Out of curiosity: Which operating system(s) can you shutdown while the kernel is being overwritten? I wouldn’t imagine that as a limitation of Arch Linux specifically.
I assume NixOs would just let you load a previous working configuration if the current one got corrupted (though in this case it probably could simply rebuild the current one).
Out of curiosity: Which operating system(s) can you shutdown while the kernel is being overwritten? I wouldn’t imagine that as a limitation of Arch Linux specifically.
Mint definitely keeps a couple of previous kernels around, so that might be a Debian and Ubuntu thing too.
That said, there’s always going to be a critical point of failure that a power loss could cause things to break, no matter your OS or distro.
Writing the bootloader or updating a partition table for example.
Anything running on a copy-on-write filesystem can trivially rollback changes using a rescue partition.
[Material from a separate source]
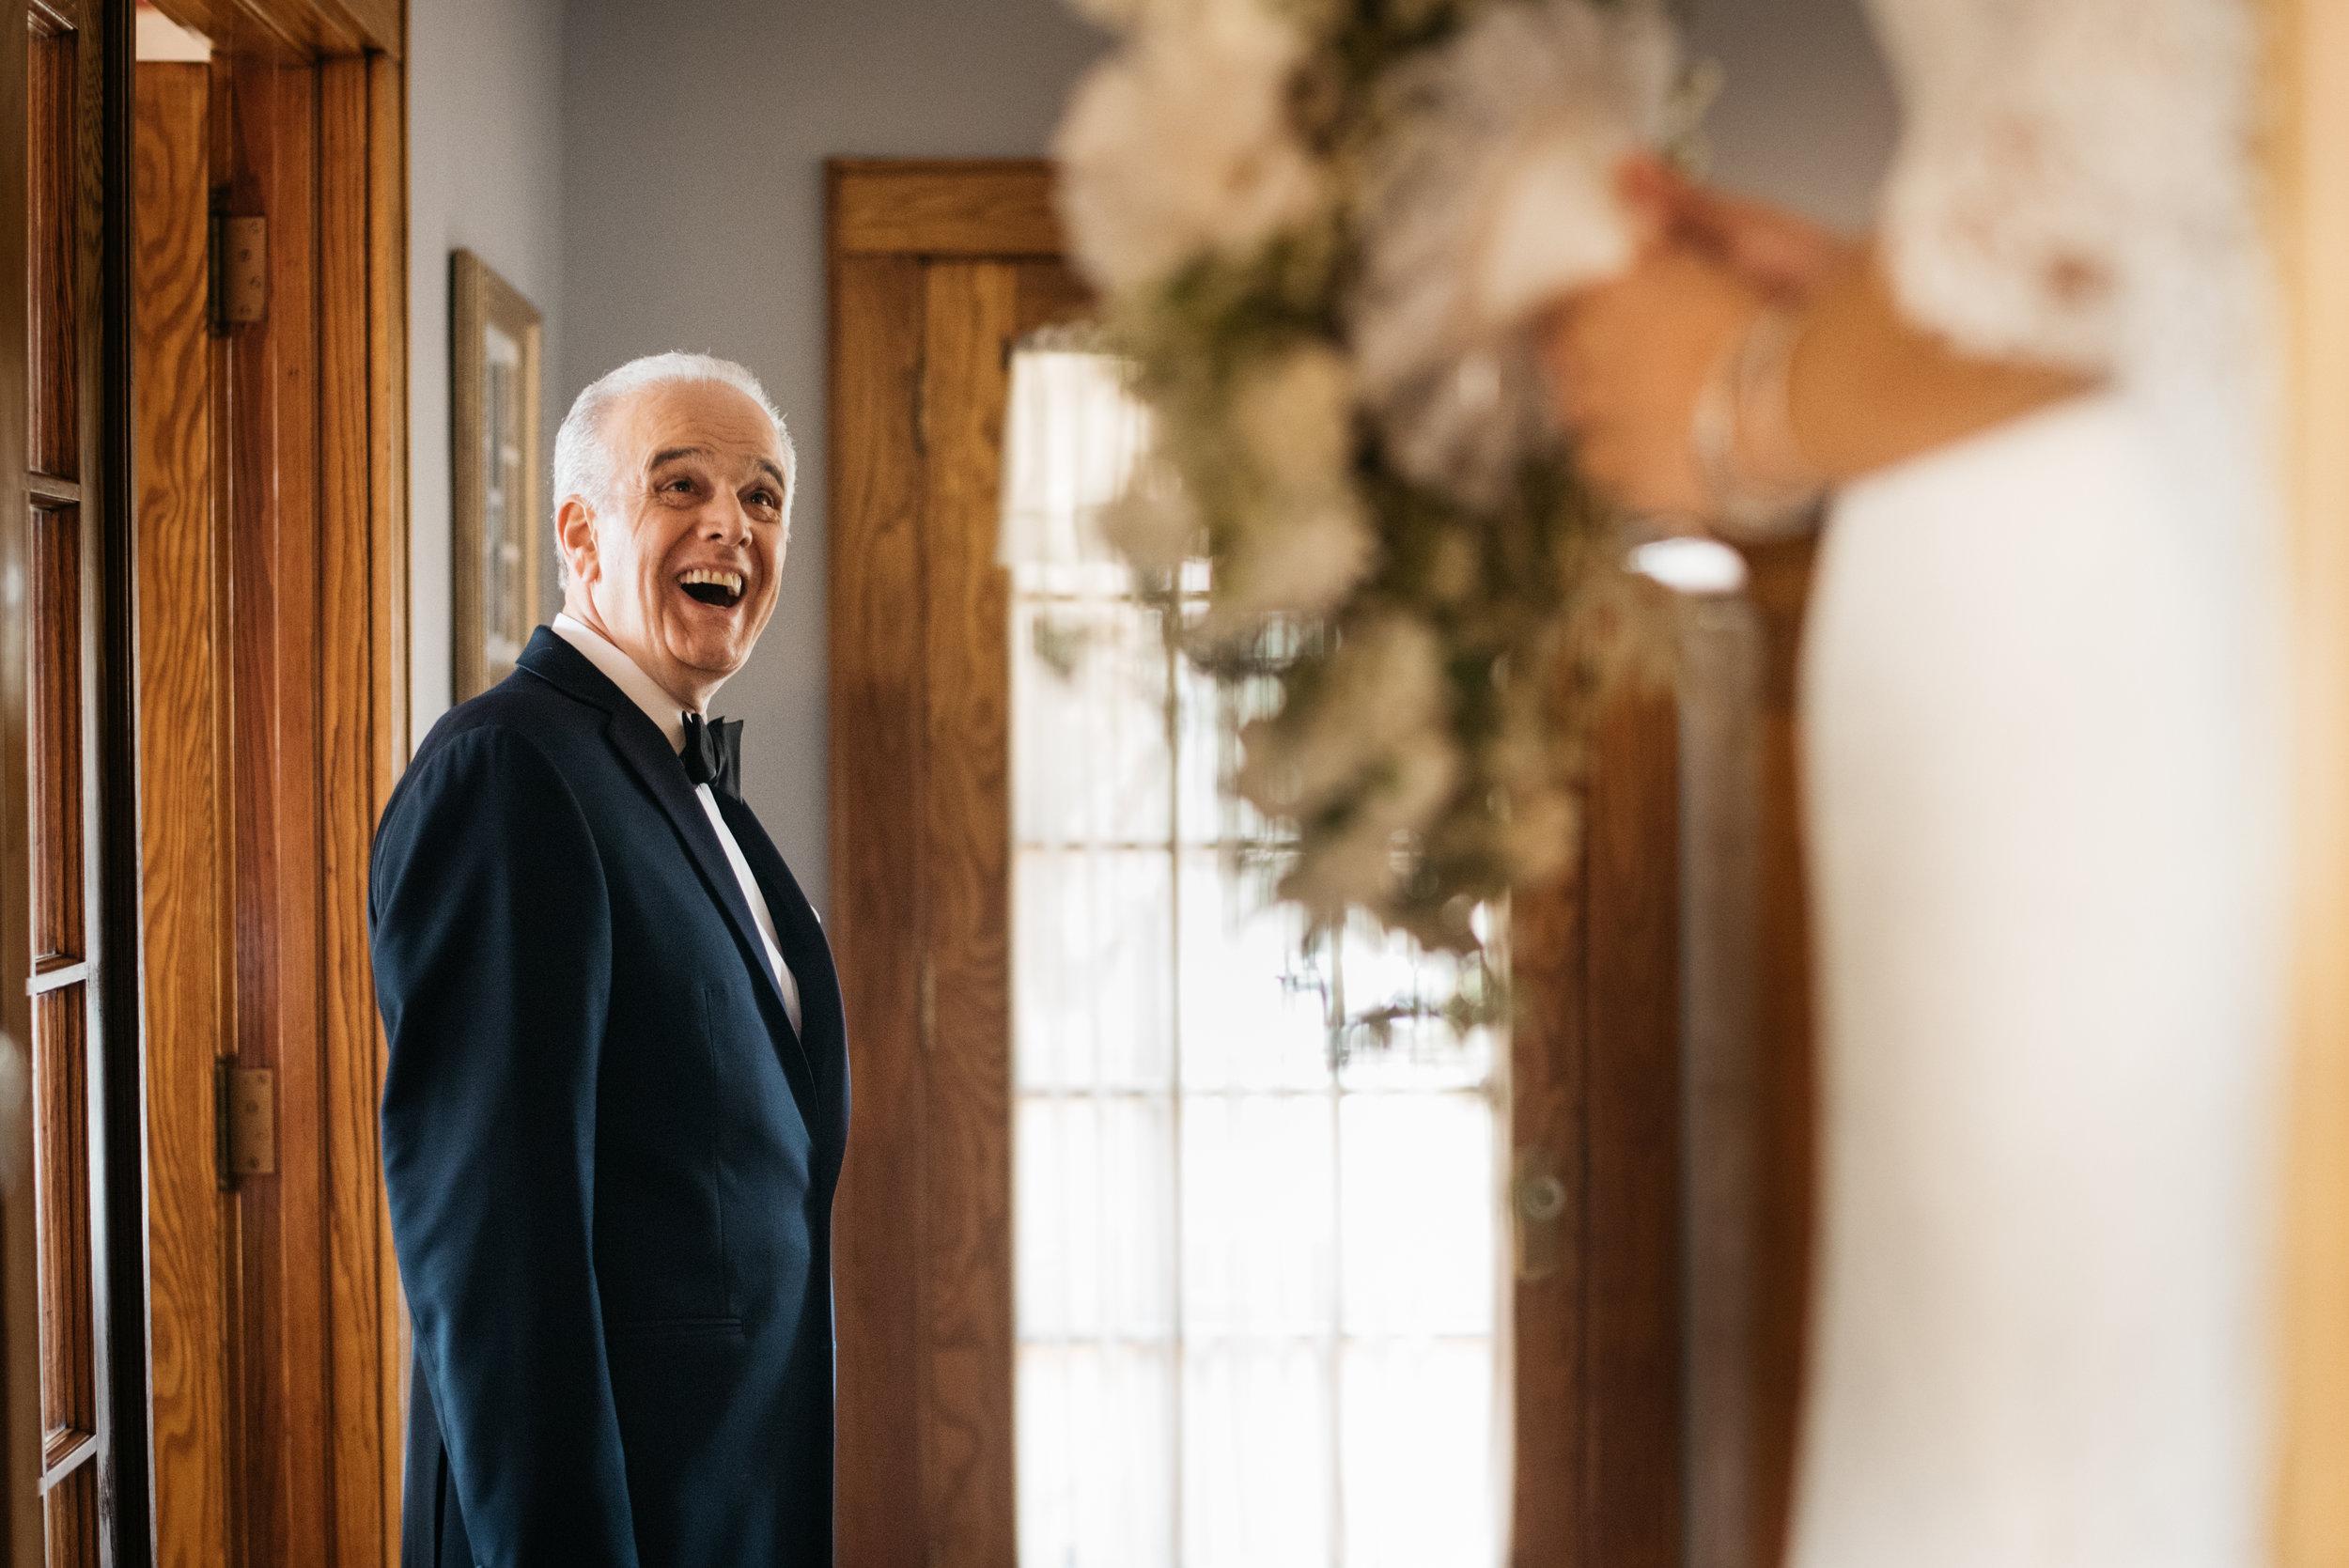 WeddingPhotos | NJPhotographer | Highlights-1-48.jpg

I also expect most immutable distros would be able to be especially good at tanking this.
I think fedora would survive this abuse. It doesn’t replace when you install kernels, but instead adds it.
Ubuntu (and probably Debian too) will keep an old kernel in your grub list so you can boot off that one if needed.
Also Fedora ships 3 kernels by default. If one breaks, maybe the others will keep working.
With Manjaro you choose how much kernels you want.
Arch let’s you install kernels till /boot is full…
Arch Linux with 2 kernels ;)
I assume NixOs would just let you load a previous working configuration if the current one got corrupted (though in this case it probably could simply rebuild the current one).